In the phase 2 GALEN study, the combination of lenalidomide and obinutuzumab was associated with an ORR of 74% among 86 patients with relapsed/refractory follicular lymphoma, with a 1-year PFS rate of 76%.

An analysis of responses by time to relapse in GALEN showed that the ORR among 24 patients with disease progression within 24 months was 70.8%, including 33.3% complete or unconfirmed complete responses by the 1999 International Working Group criteria, and 66.7% with 54.2% complete or unconfirmed complete responses by the 2007 criteria.

Idelalisib, an inhibitor of the delta isoform of phosphatidylinositol 3-kinase (PI3K), was granted accelerated approval in 2014 for treatment of patients with follicular lymphoma after two or more prior lines of therapy, but toxicities associated with this agent caused the drug maker Gilead to dial back its development of this agent.

“But idelalisib is not the only PI3 kinase inhibitor on the block,” Dr. Link said, noting that more than a dozen similar agents are currently in development.
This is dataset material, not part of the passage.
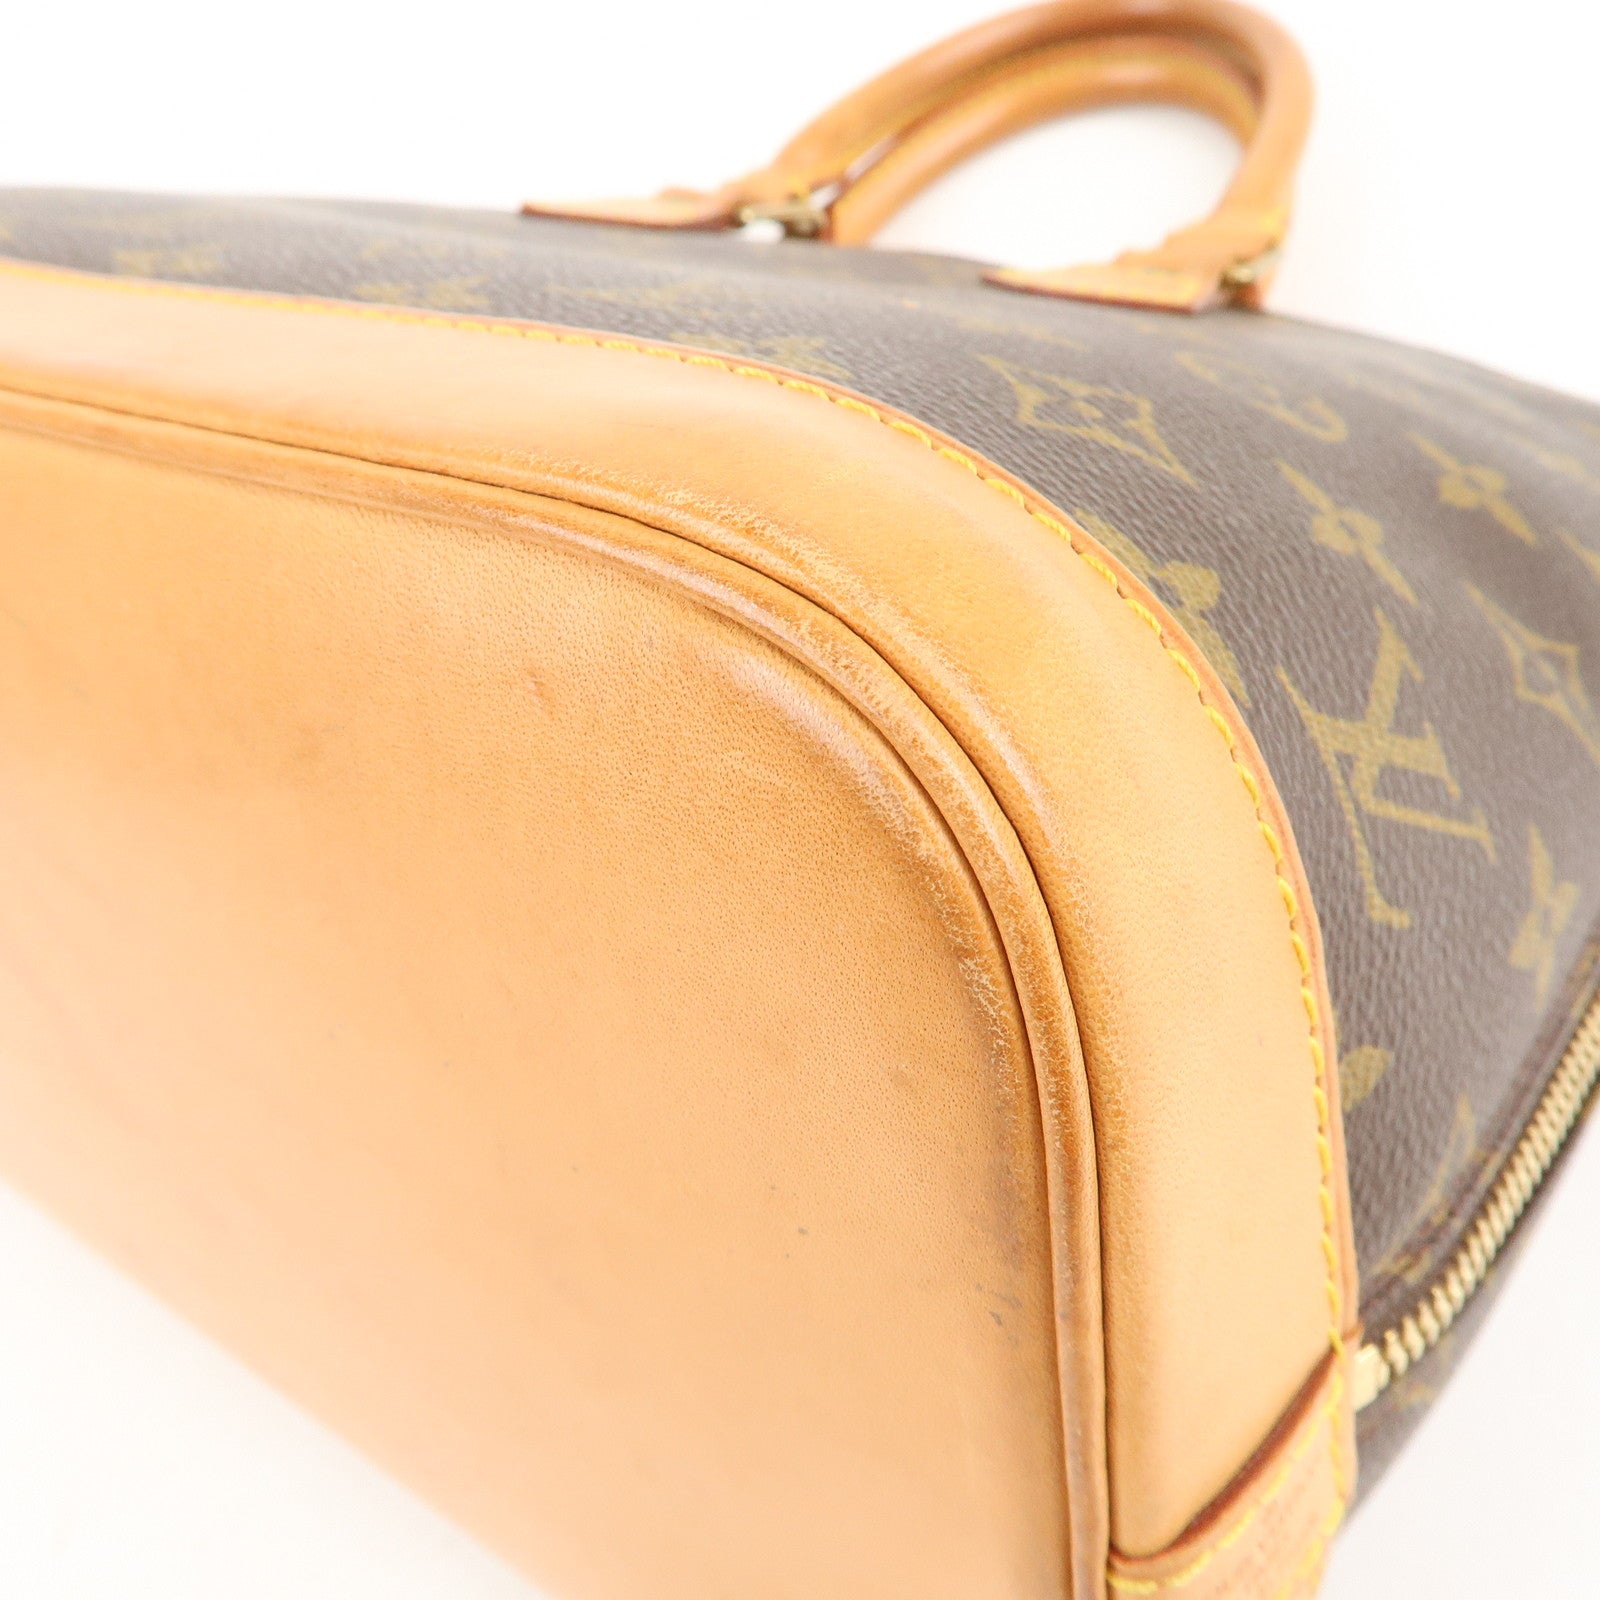 Authentic Louis Vuitton Monogram Alma Hand Bag Purse M51130 LV

In clinical trials, PI3 kinase inhibitors have been associated with ORRs of about 60% in patients who experience early disease progression on other therapies, “suggesting an uncoupling between the paradigm that says that early progressors are going to have a less effective outcome than late progressors, perhaps, with targeted therapies.
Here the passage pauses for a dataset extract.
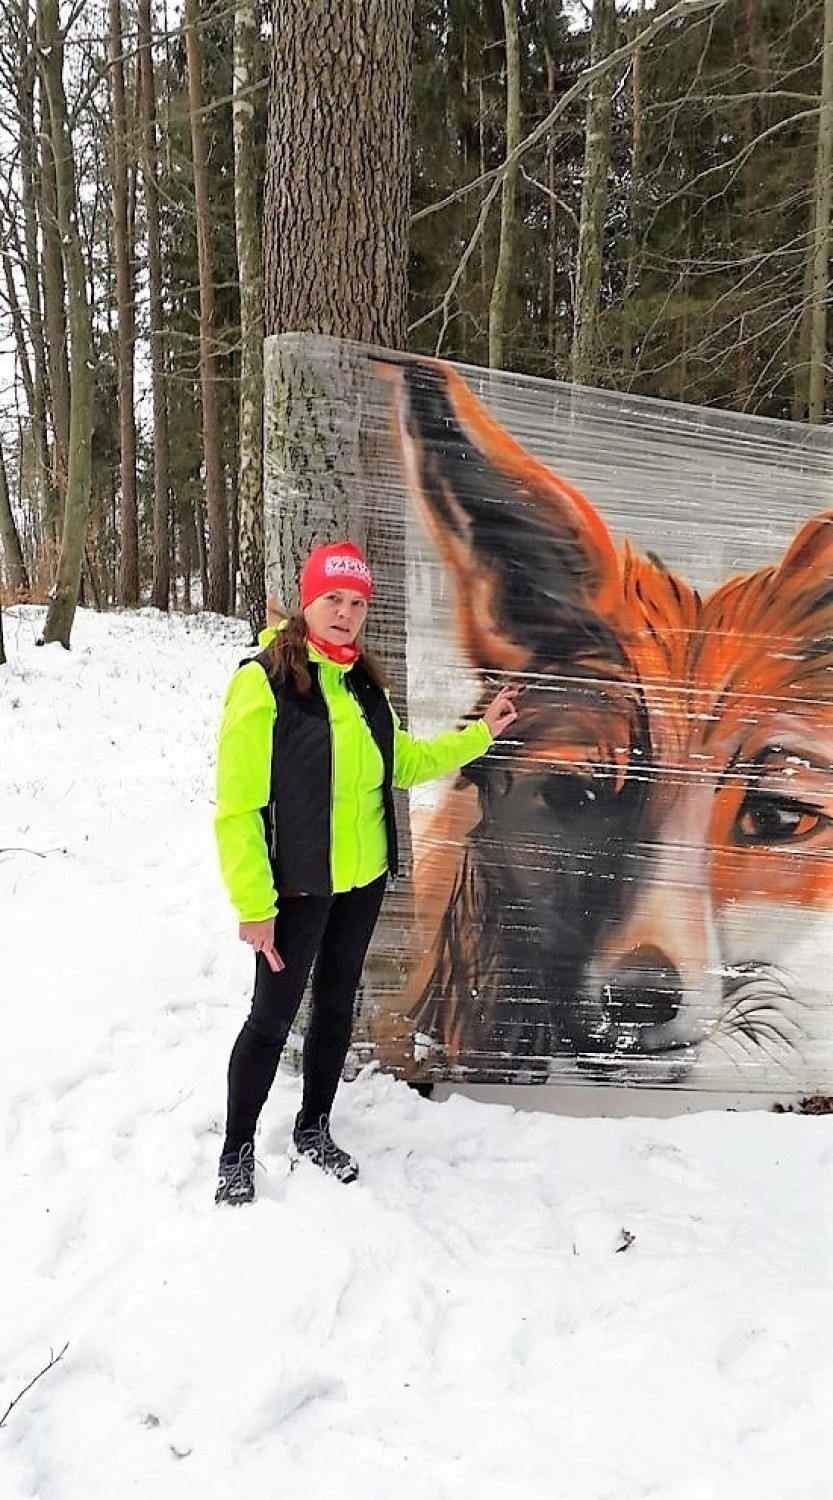 Tajemniczy artysta ze Sławna maluje w lesie ogromne portrety zwierząt. Zdjęcia
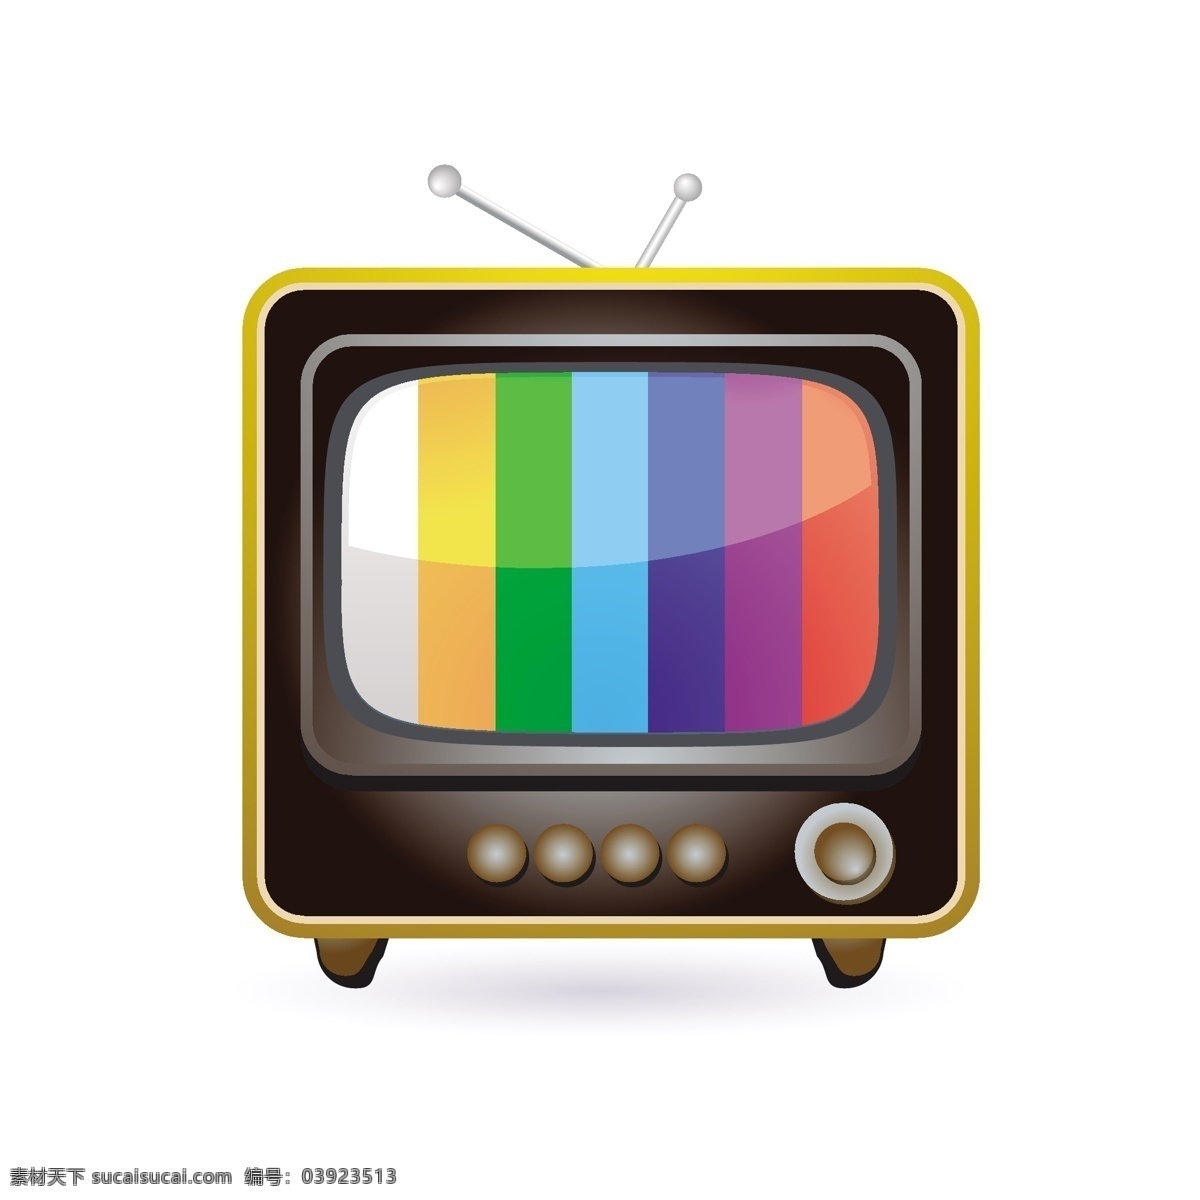 复古电视图标 复古 图标 电视 媒体 旧 屏幕 风格 集 休闲 广播 白色

The best evidence for the Bruton’s tyrosine kinase inhibitor ibrutinib (Imbruvica) comes from the DAWN study, a phase 2 trial in patients with follicular lymphoma refractory to immunochemotherapy. The drug showed some biologic activity, but only a 21% ORR.

Dr. Link noted that the S1608 trial, currently recruiting patients, may give clinicians a better idea of which novel agent is most effective. The phase 2 trial is enrolling patients with early-progressing or refractory follicular lymphoma who will be randomized to receive obinutuzumab with either the investigational PI3 kinase inhibitor TGR-1202, lenalidomide, or CHOP chemotherapy.
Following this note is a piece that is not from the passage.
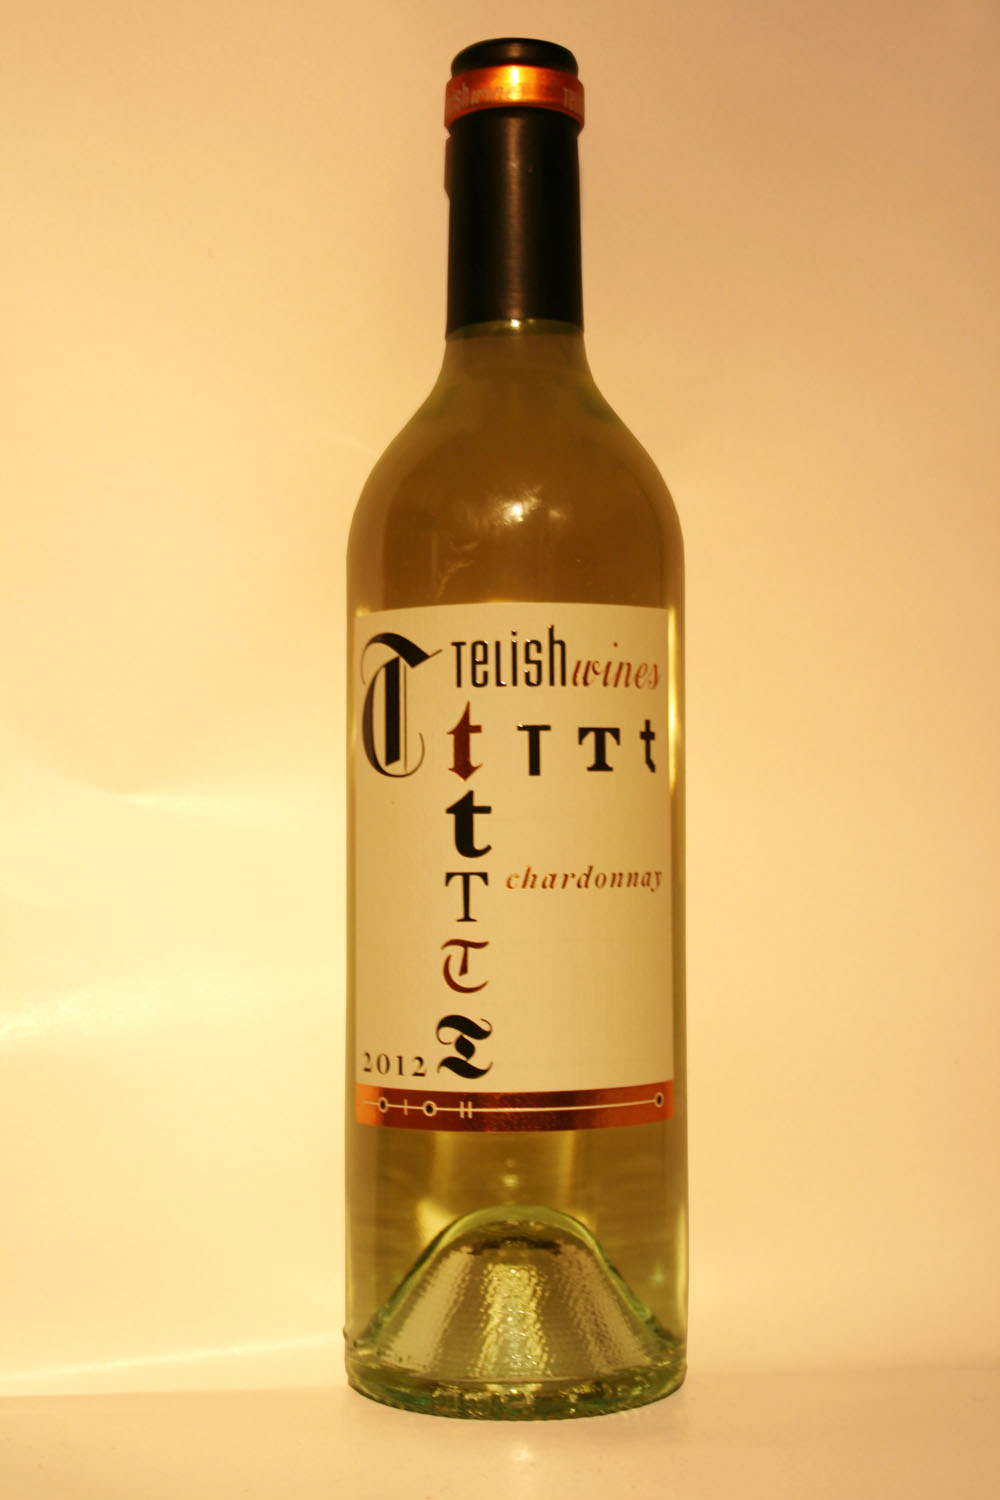 Telish Chardonnay 2012

“High-risk follicular lymphoma is a bad hombre,” Dr. Link said. “If we want to be any smarter as a society 10 years from now, we should incorporate clinical trials with novel therapies as standard operating practice into this setting of high-risk follicular lymphoma.”

Dr. Casulo reported serving on the speakers bureau for Gilead. Dr. Link reported serving as a consultant to AbbVie, Celgene, Genentech, and Gilead.